I share your heart on this one, Kam. Again and again I find myself answering with 'I just want to be a mom again. End of story.'

But that said, simple answers aren't simplistic ones. And I know your journey and decision to your Little China Prince is not a simplistic one. But rather that this is a path walked in love and courage. I hope it's heaped with blessing for you and yours!

PS - When we were in "decision-making mode" we clung to Laura Story's song Blessings. We wore that sucker out. It seems so fitting for your story too.

La Dolce Vita: The Sweet Life said...

So beautiful, Kam. Just a God thing, right?

Praying that the rest of your journey is blessed with peace, provision and speed.

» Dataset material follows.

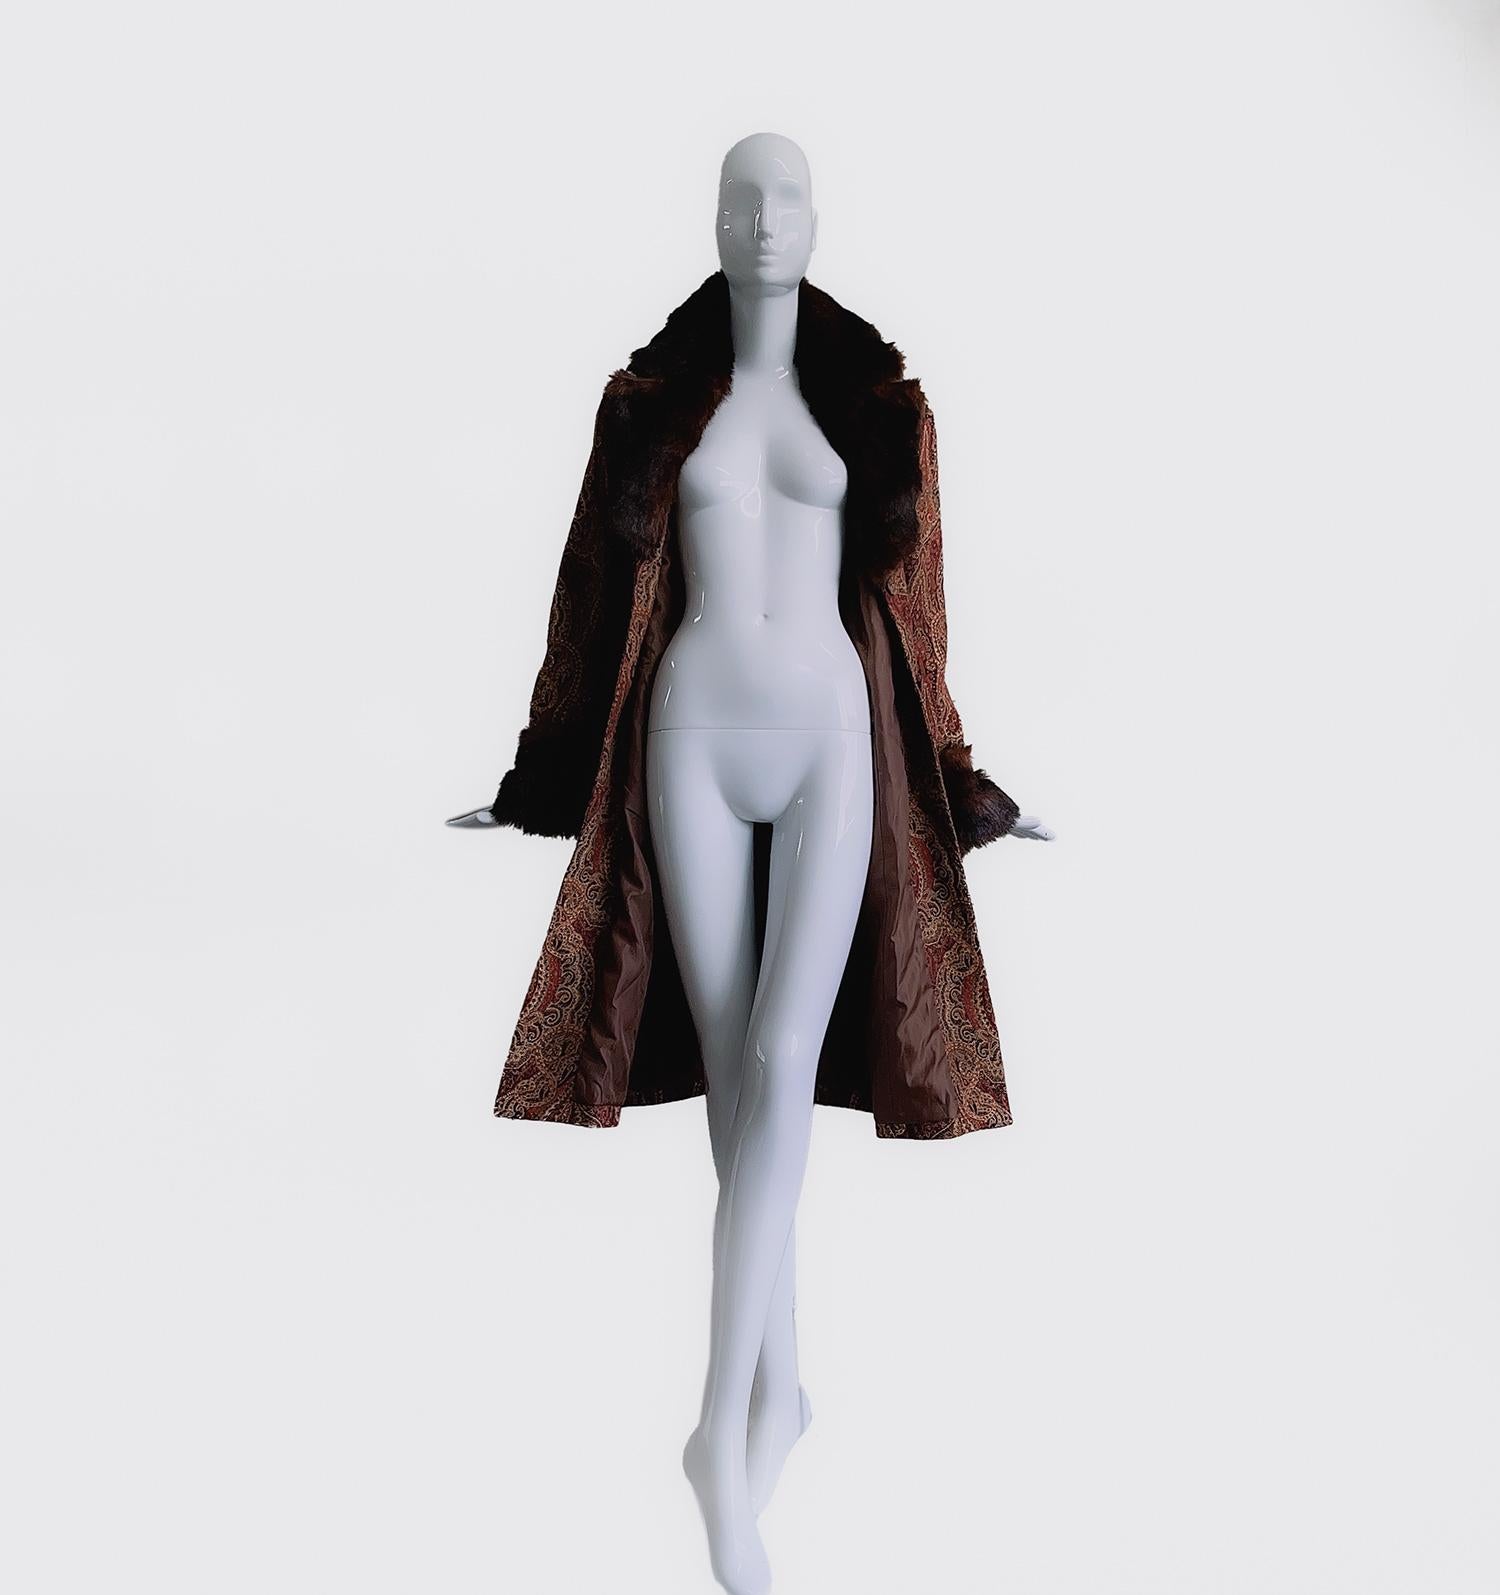 
Dies ist ein atemberaubender Mantel aus den späten 1970er Jahren mit weichem Kunstpelzkragen und Manschetten und schönem verzierten Stoff.
Der Schnitt und die Form scheinen von den Flapper-Mänteln der 1920er Jahre inspiriert zu sein, und die großen

Let's get together someday...seriously!

Stefanie said...

Oh my goodness, do I love this story, Kam! Thank you for sharing, so transparently, what following our God is like! He is GOOD and He is FAITHFUL!! So very JOYFUL for your family!!!
And WOW, your husband's response to nay-sayers... awesome :)

Jennifer P said...

Conviction is a very GOOD thing. Good job listening to that still small voice. Amazing how a child almost finds you....

Jay and Chandra and Penny Regan said...

Amen, sister!

The Bloomquists said...

So very well said!!!

Lillie Family said...

yea!! Tell Jase I am using that line the next time someone asks me that question!!

Jan en Terry said...

I'm very touched by your words. There is a Dutch poem that expresses your journey, that has many similarities with ours:
"I searched, found and lost
and I searched again
until I found again
We are all born more than once
and for those who are searching
one day the circle is round."
Many blessings to your family and your little prince!